Thankfully some in the Parliamentary Labour Party regard murder as a bad thing, and many of those bullied into holding on to the two-child cap a few months ago are beginning to realise they won’t get a second chance at this if they don’t make amends.

As one MP told me: “There are folk who are on board with this, folk that shite themselves and don’t want to rock the boat, and folk that want to climb the greasy pole.”

Here’s a message to each group in turn:

Folk that want to climb the greasy pole need to understand this will cost them their seats — starving the disabled into work isn’t the vote winner some believe it to be.

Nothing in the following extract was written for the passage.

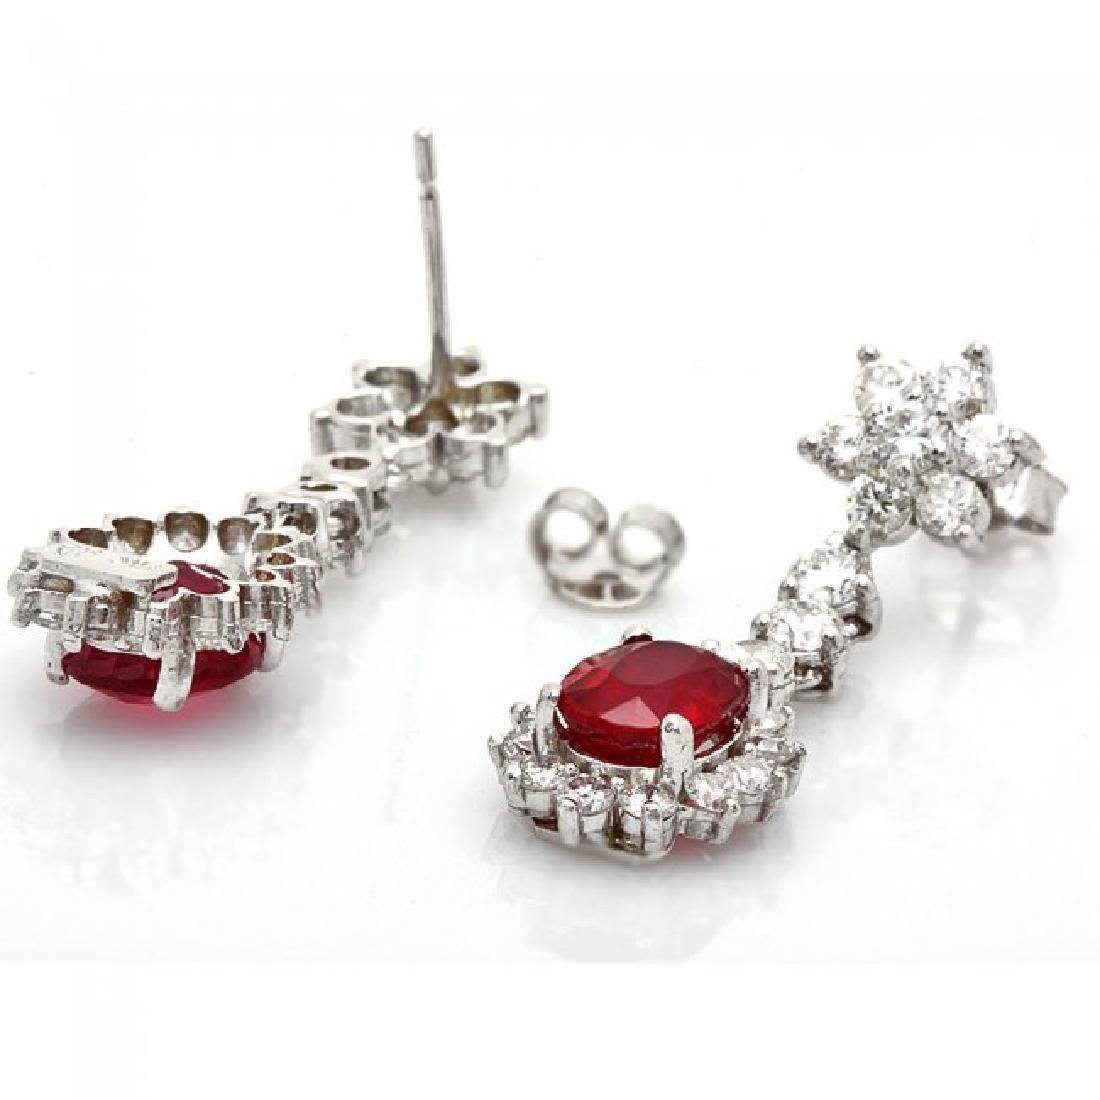 14k Gold 4.00ct Ruby 2.50ct Diamond Earrings - 2

Folk that don’t want to rock the boat need to know that a big enough rebellion can’t be disciplined — it’s called “solidarity” and the bedrock of everything the working class have ever won including the right to sit in Parliament.

Folk fully on board with this may wish to consider talking to humans outside of Parliament or seek alternative employment as child catchers.

Any parliamentary rebellion ultimately must come from the electorate though, an electorate fed a diet of “poverty porn,” demonisation of their neighbours, and whose expectation of parliamentarians and the state is lower than it has been in generations.

There’s work to be done, but a line must surely now be drawn.

We cannot continue to accept the prop of the hard-hat tour around the guided missile factory in place of social supports that can transform lives.

Luck doesn’t deliver for the many, it never did.

That’s why the working class had to build social security in the first place, and why the future must be the big hand, not the big stick.